Фёдор Черенков - [5]
И дальше понес полный бред. Я как мог пытался его успокоить..."
Позвонили родным, дали Феде трубку, но если бы все было так просто... Руководители делегации стали подумывать о досрочной отправке Черенкова домой, но сажать его одного в самолет было рискованно. Сошлись на том, что освободили от тренировок и установили аккуратный контроль.
По возвращении в Москву Федором занялись врачи, лечившие его раньше, и довольно быстро привели в норму. 3 марта он уже сыграл за "Спартак" в матче открытия сезона, а во втором туре положил два "Зениту".
А сборная тщетно пыталась найти прошлогоднюю игру. Уступила дома англичанам и в гостях румынам (в каждом из двух матчей Чивадзе не забил пенальти).
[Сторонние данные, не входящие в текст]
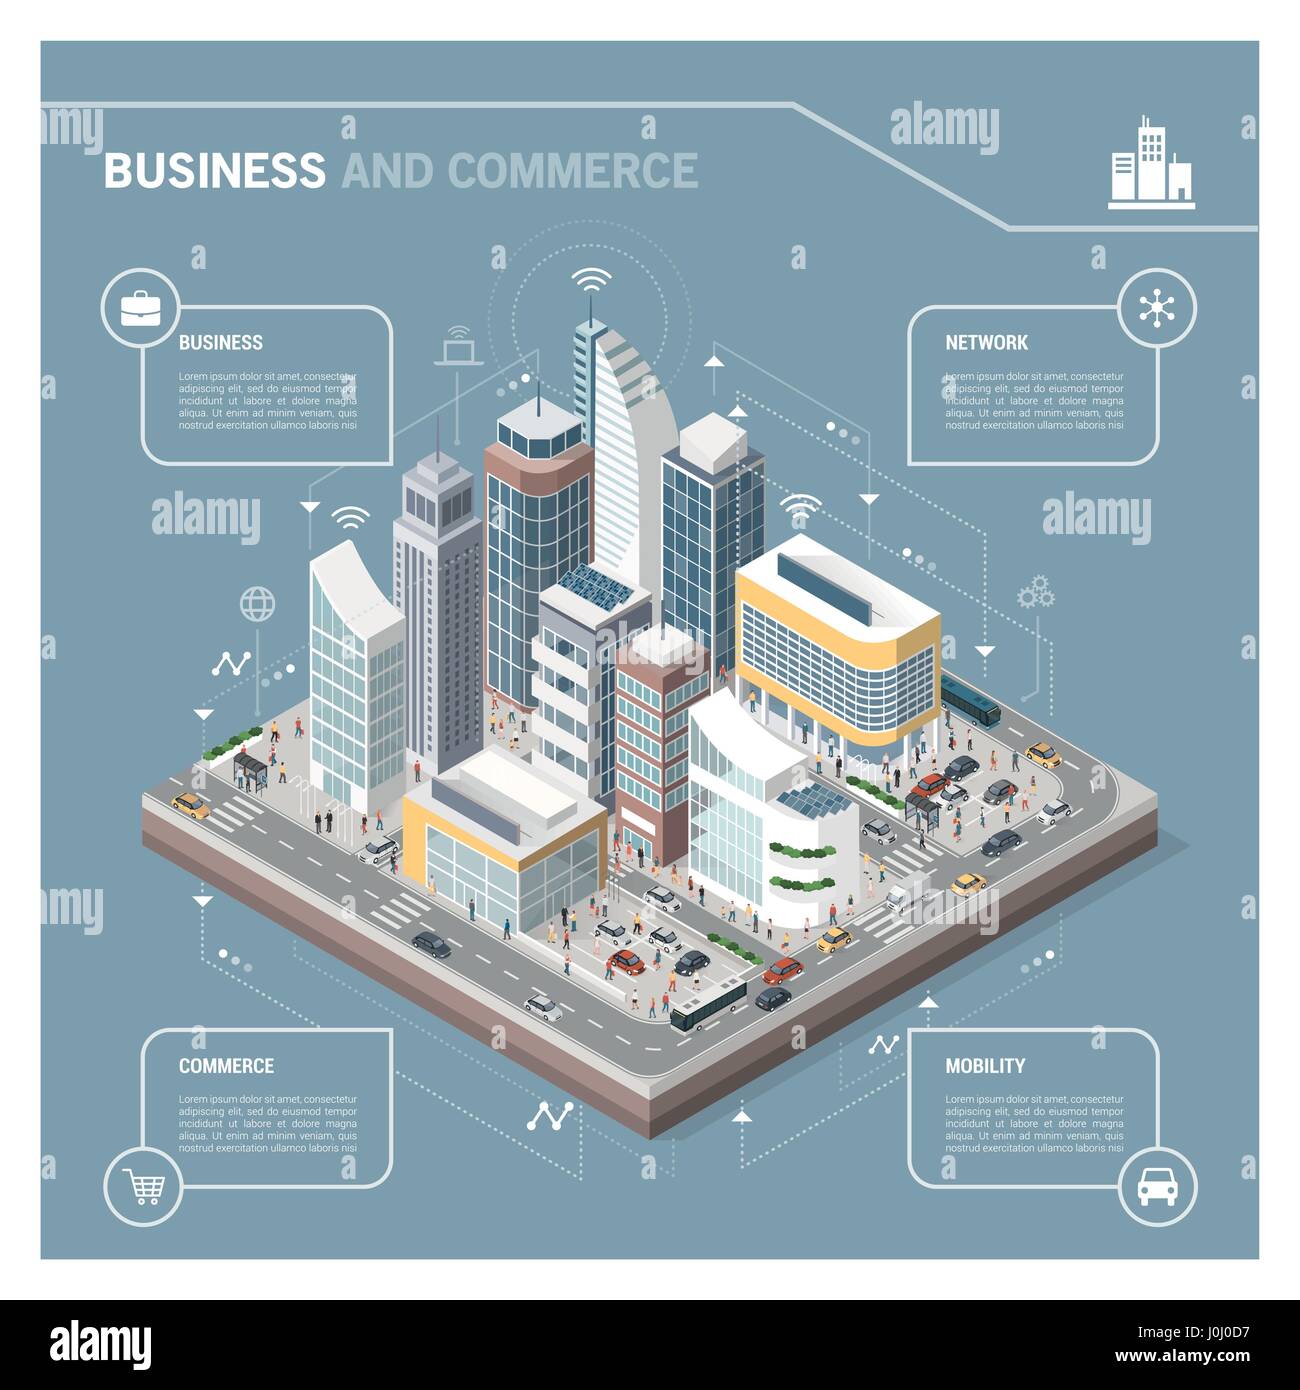 Isometrische Vektor Stadt mit Wolkenkratzern, Menschen, Straßen und Fahrzeuge, kommerziellen und geschäftlichen Bereich Infografik mit Symbolen Stock Vektor

Последней каплей стал майский домашний матч с финнами. Восемь киевских игроков синхронно отбыли номер, и эта нулевая ничья ожидаемо спустила курок. Через пару дней Малофеев был отправлен в отставку. Бразды правления передали амнистированному Лобановскому, чье "Динамо" выиграло накануне Кубок кубков.
Назначение перед отправкой в Мексику на место коллеги, у которого не заладилось, на волне европейского успеха и большого клубного представительства было пусть где-то и рационально, но с учетом решения им задачи вывода сборной на чемпионат — не по-человечески. По большому счету, к Валерию Васильевичу нет претензий, не он себя назначал. Мог бы, конечно, поступить благородно, однако тренерская стезя не по майскому лугу — по минному полю петляет. Жесткая штука конкуренция, а за чемпионат мира особенно.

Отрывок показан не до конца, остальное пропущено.